The aluminum maker needs the state permit to renew its hydroelectric license

Alcoa has been granted a new shot at the state permit it needs to renew its long-contested hydroelectric license on the Yadkin River.

A judge dismissed the aluminum maker’s challenge of the N.C. Division of Water Quality, which granted the permit in 2009 but revoked it the next year. The division cited an “intentional omission” in water-quality data Alcoa submitted.

Last week a state administrative judge agreed with Alcoa’s request to dismiss its appeal of the revocation. That let the company reapply for the permit, this time with data that Alcoa believes will be convincing.

Alcoa needs the permit before the Federal Energy Regulatory Commission can renew its 50-year license for four dams on the Yadkin. The license has been in dispute for years, with Stanly County and some legislators arguing that the river should be under local control.

Alcoa’s new chance at a state permit is also likely to be contentious. The state will seek public comment once the application is posted online and is likely to schedule a public hearing.

“We’ve got a new application in here, and we’re going to process it like we would for any other (water-quality permit),” said Water Quality spokeswoman Susan Massengale.

Judge Joe Webster rejected the division’s practice of refusing to consider a new application when a previous one was unresolved. The practice is not supported by state law or rules, he said, and could unfairly work against Alcoa.

Alcoa filed its new permit application the day after Webster’s order. Federal law gives the state one year to act on it.
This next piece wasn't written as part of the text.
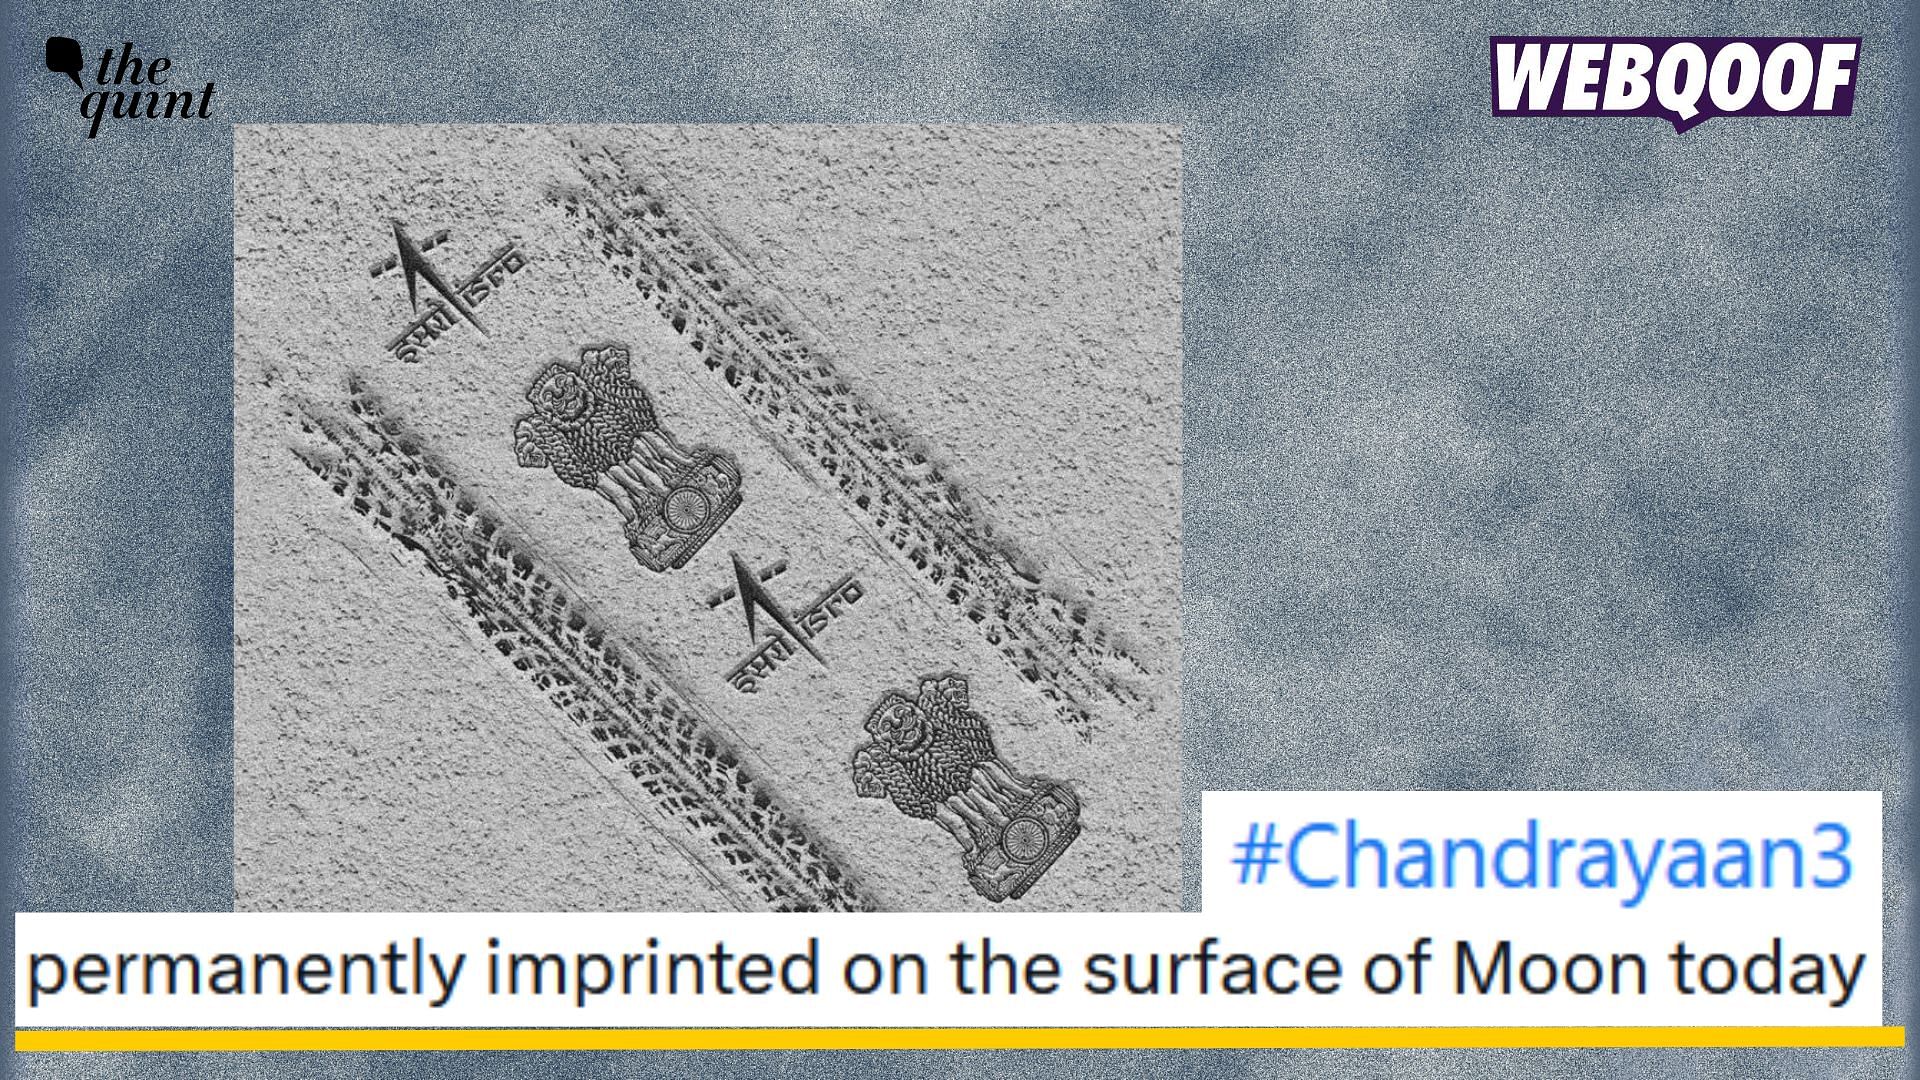 <div class="paragraphs"><p>Fact-check: An edited image of the national emblem and ISRO logo is being falsely shared as an image showing imprints left by Chandrayaan-3 on the moon's surface. </p></div>
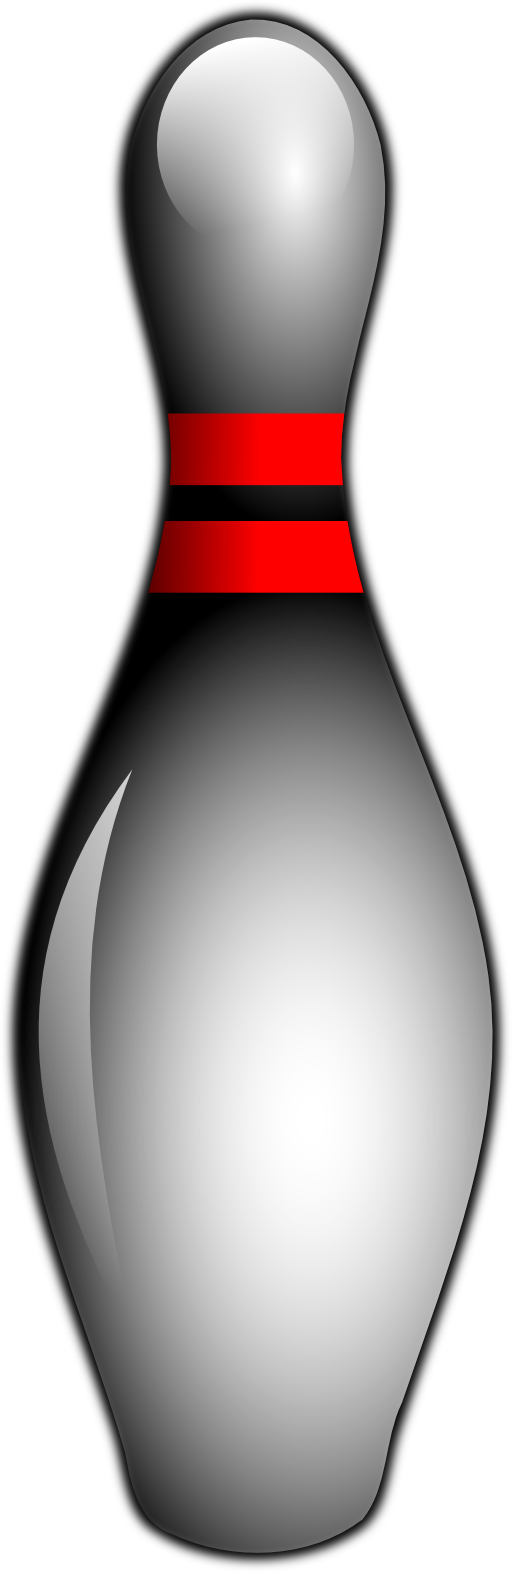 Bowling Pin Picture

Ray Barham, Alcoa’s Yadkin licensing manager, said the new application includes water-quality monitoring and testing data that was not part of the original filing in 2008.

Since then the company has installed aerators on three of the four units at its Narrows dam, which impounds Badin Lake. That improved dissolved-oxygen levels in the water released downstream, Barham said, and now meets state water standards.

“The debate was over whether (the aerators) worked or not,” he said. “Now that we have proof that it works, it shouldn’t be an issue.”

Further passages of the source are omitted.